Oh wow millefleur, you've really been through the wringer. I'll be thinking of you today.


----------



## MovingMomma (Apr 28, 2004)




----------



## millefleur (Nov 25, 2008)

I could really feel your good wishes as I was getting my ultrasounds today. It was very peaceful, the tech was wonderful, and the results should be in either tomorrow or Monday. Thank you so much everyone!


----------



## Carlyle (Mar 31, 2007)

Well, I hope that it gives good feedback and that you can get on the road to NOT bleeding all the time and getting regular cycles again! Wow. Do let us know whether you get some closure, okay? Thinking of you.


----------



## Amy&4girls (Oct 30, 2006)

I hope you get answers soon.


----------



## millefleur (Nov 25, 2008)

Gah! As of last night I am once again bleeding profusely.
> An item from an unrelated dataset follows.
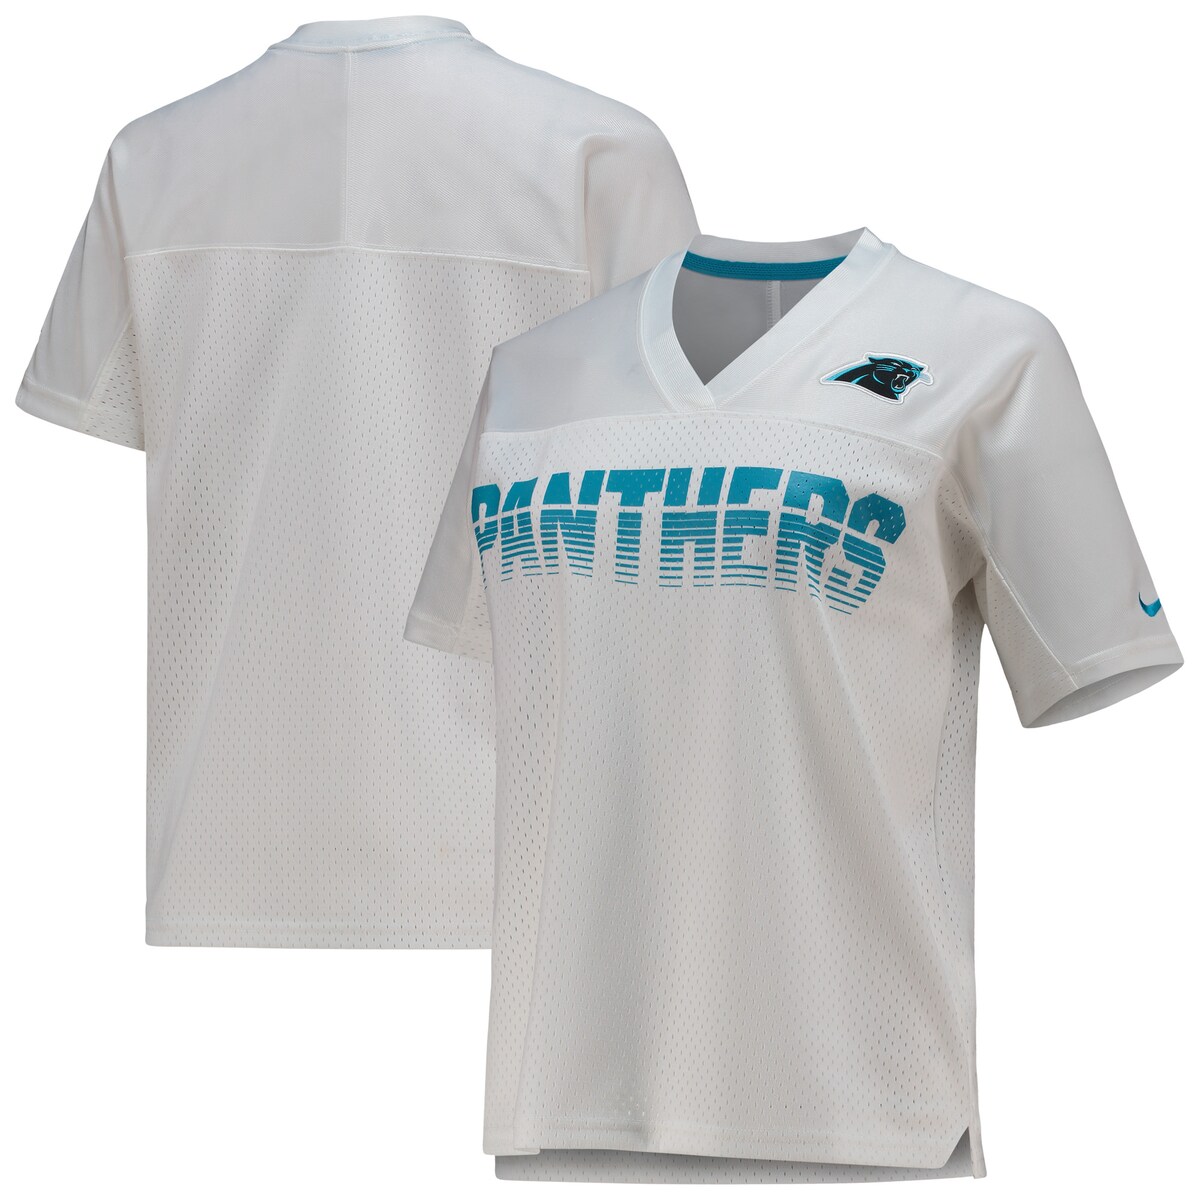 Grab yourself an official on-field look with this spirited Fan Replica jersey from Nike. It features detailed Carolina Panthers graphics and embroidery that will boldly display your love for the team. Additionally, the breathable polyester fabric, classic V-neck design and mesh detailing bring comfort to your Carolina Panthers game day get up.V-neckShort sleeveMachine wash, tumble dry lowMesh detailsScreen print graphicsOfficially licensedReplica JerseyImportedBrand: NikeSide splits at waist hemMaterial: 100% PolyesterEmbroidered fabric applique
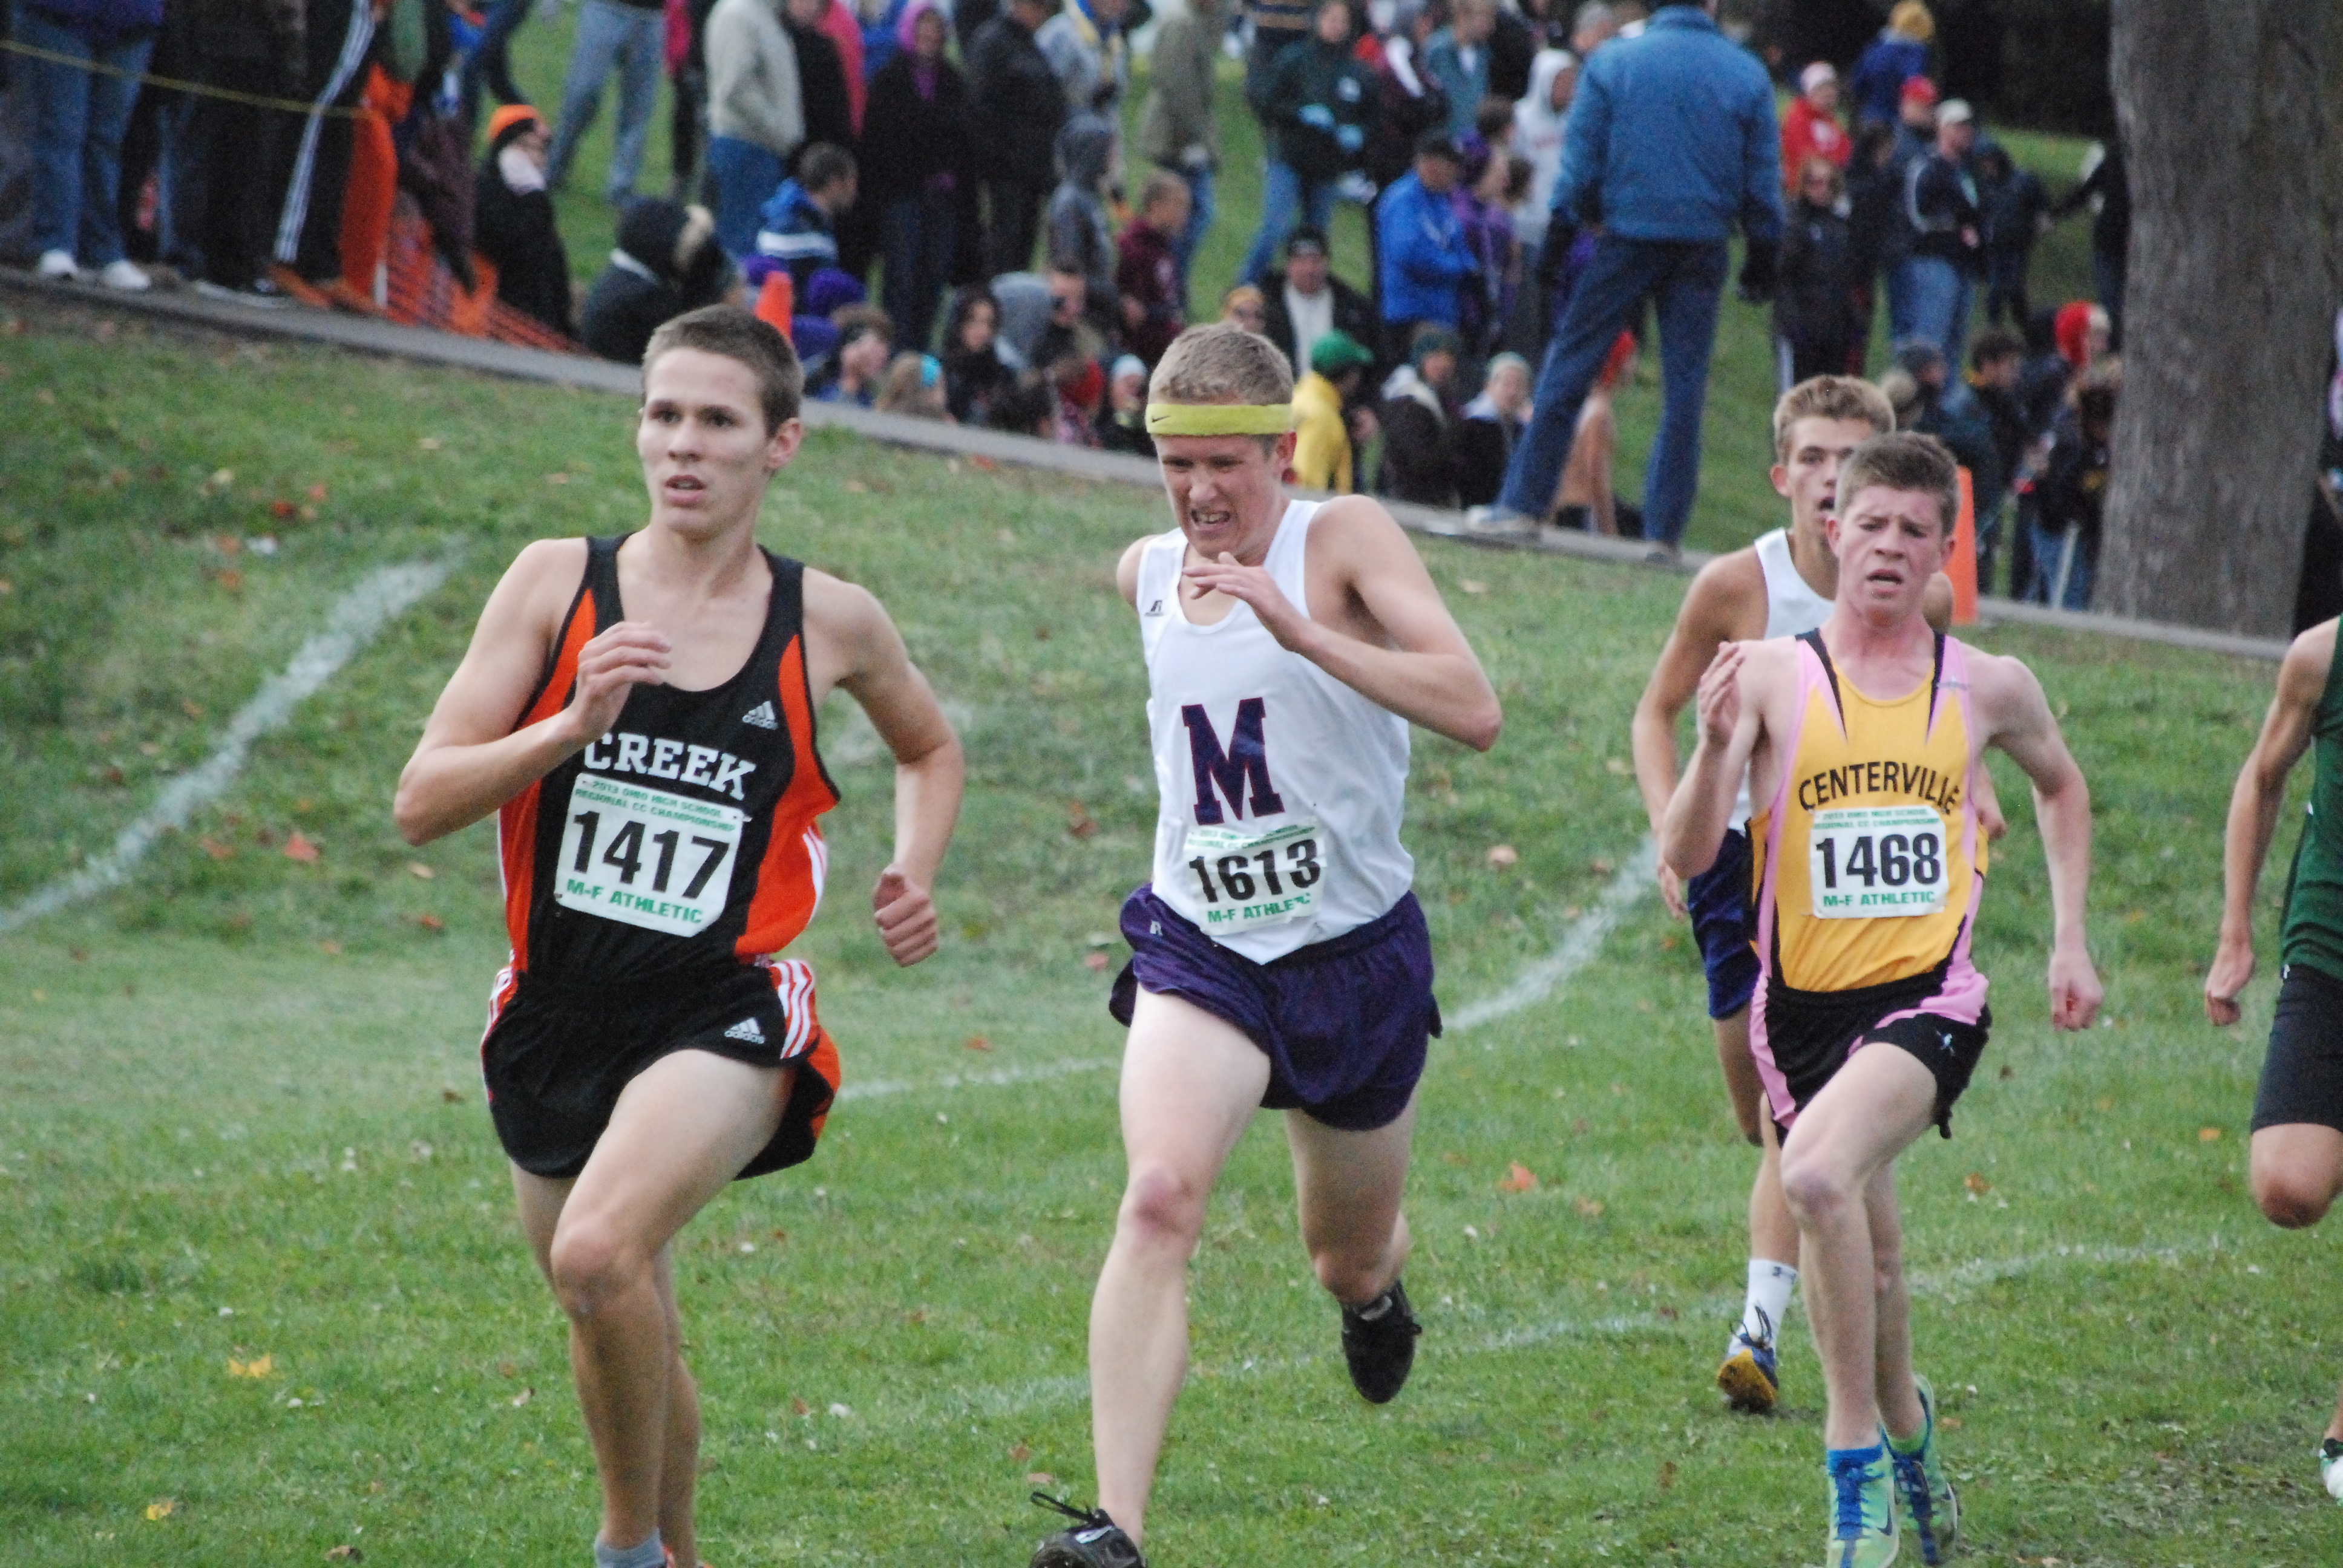 Middletown's Will Parsons ran a personal-best time in Saturday's Division I regional cross country meet in Troy, but he came up a few spots shy of advancing to the state meet.

I imagine it was brought on by the transvaginal ultrasound I had the other day, but all told with the m/c and AF I have been bleeding in one way or another for two months straight! I am so done with this! I can't wait to find out the results of the ultrasound on Monday, because I am ready to do something about this and be done and move on!


----------



## marinak1977 (Feb 24, 2009)

Oh no! Sending you







: I hope the Dr's figure out what's going on and all is resolved soon.







Hang in there


----------



## Carlyle (Mar 31, 2007)

OH NO! I can't believe you're still bleeding heavily! I can't imagine how frustrating that must be, and I'm REALLY sorry that you're going through this. What an ordeal. I'll be thinking of you and I really hope that your docs can get this sorted out soon. That's rediculous.


----------



## expatmommy (Nov 7, 2006)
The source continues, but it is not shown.